The encoder_outputs are a dict of Tensors with the following keys.

  • "sequence_output": a float32 Tensor of shape [batch_size, seq_length, dim] with the context-aware embedding of each token of every packed input sequence.
  • "pooled_output": a float32 Tensor of shape [batch_size, dim] with the embedding of each input sequence as a whole, derived from sequence_output in some trainable manner.
  • "default", as required by the API for text embeddings with preprocessed inputs: a float32 Tensor of shape [batch_size, dim] with the embedding of each input sequence. (This might be just an alias of pooled_output.)
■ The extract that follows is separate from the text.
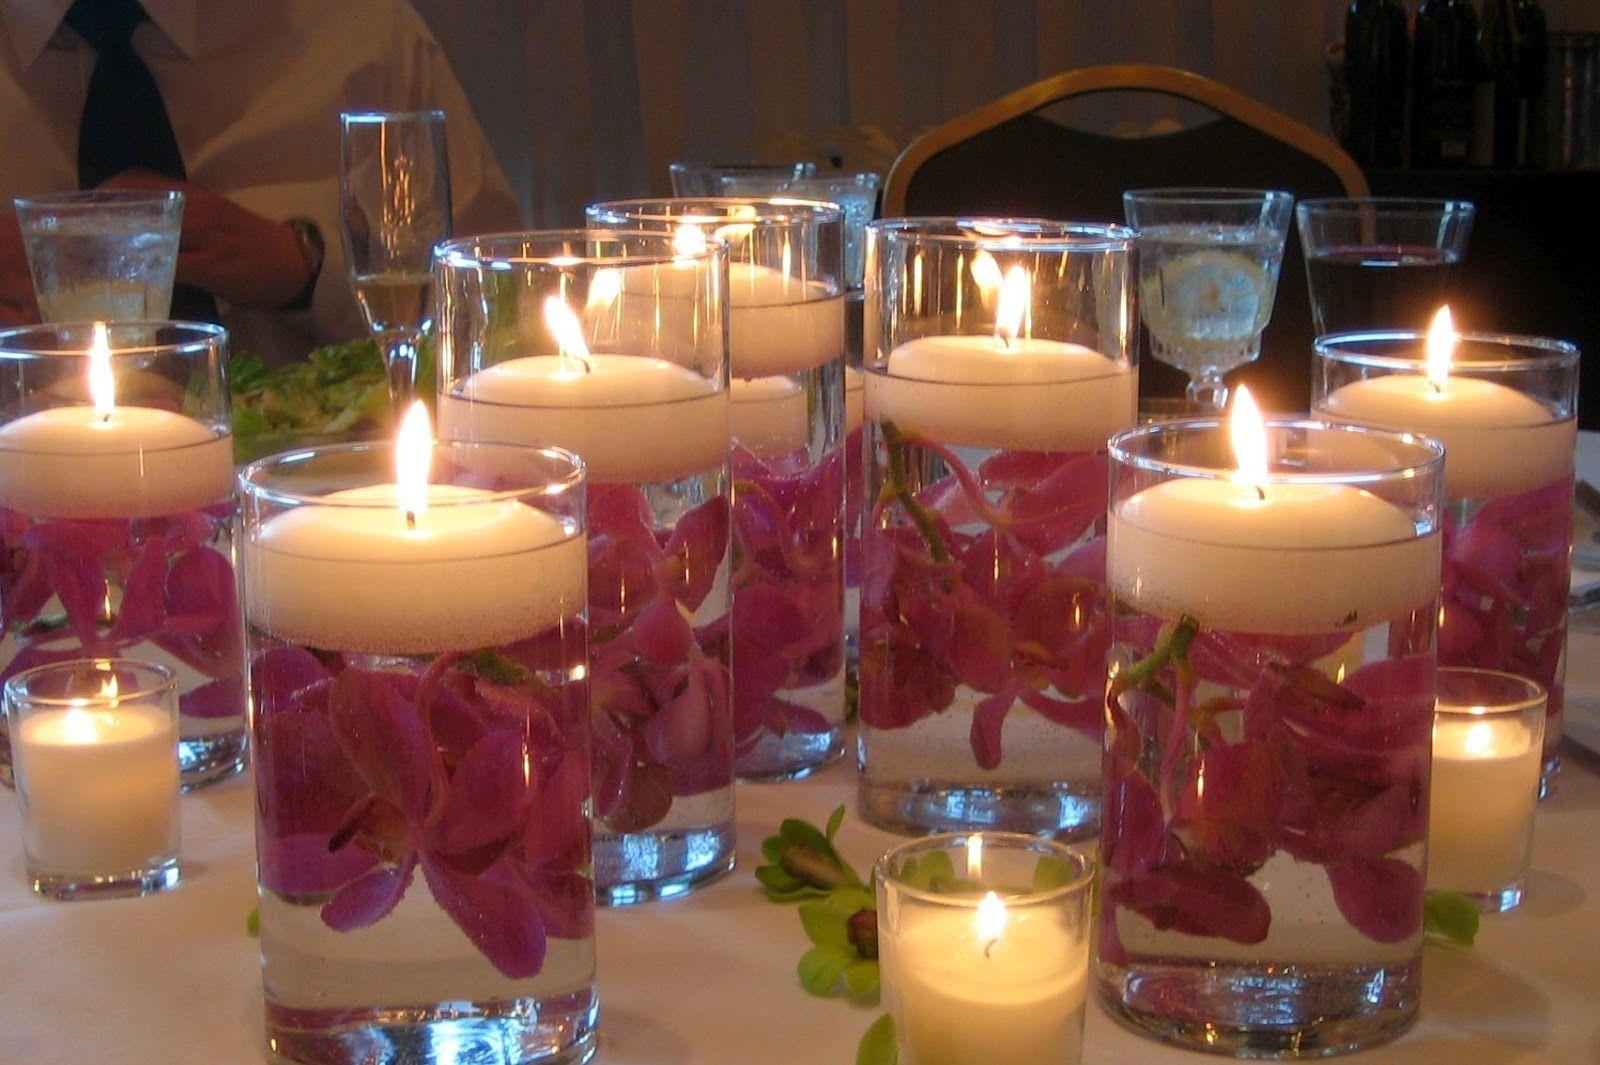 Wedding Table Centerpieces Ideas Dansrant Com Floating Candle Centerpieces Candle Centerpieces Wedding Reception Centerpieces

The contents of the encoder_inputs are not strictly required by this API definition. However, for encoders that use BERT-style inputs, it is recommended to use the following names (from the NLP Modeling Toolkit of TensorFlow Model Garden) to minimize friction in interchanging encoders and reusing preprocessor models:

  • "input_word_ids": an int32 Tensor of shape [batch_size, seq_length] with the token ids of the packed input sequence (that is, including a start-of-sequence token, end-of-segment tokens, and padding).
  • "input_mask": an int32 Tensor of shape [batch_size, seq_length] with value 1 at the position of all input tokens present before padding and value 0 for the padding tokens.
  • "input_type_ids": an int32 Tensor of shape [batch_size, seq_length] with the index of the input segment that gave rise to the input token at the respective position. The first input segment (index 0) includes the start-of-sequence token and its end-of-segment token. The second and later segments (if present) include their respetive end-of-segment token. Padding tokens get index 0 again.

Distributed training

For loading the preprocessor and encoder objects inside or outside a distribution strategy scope, the same rules apply as in the API for text embeddings with preprocessed inputs (see above).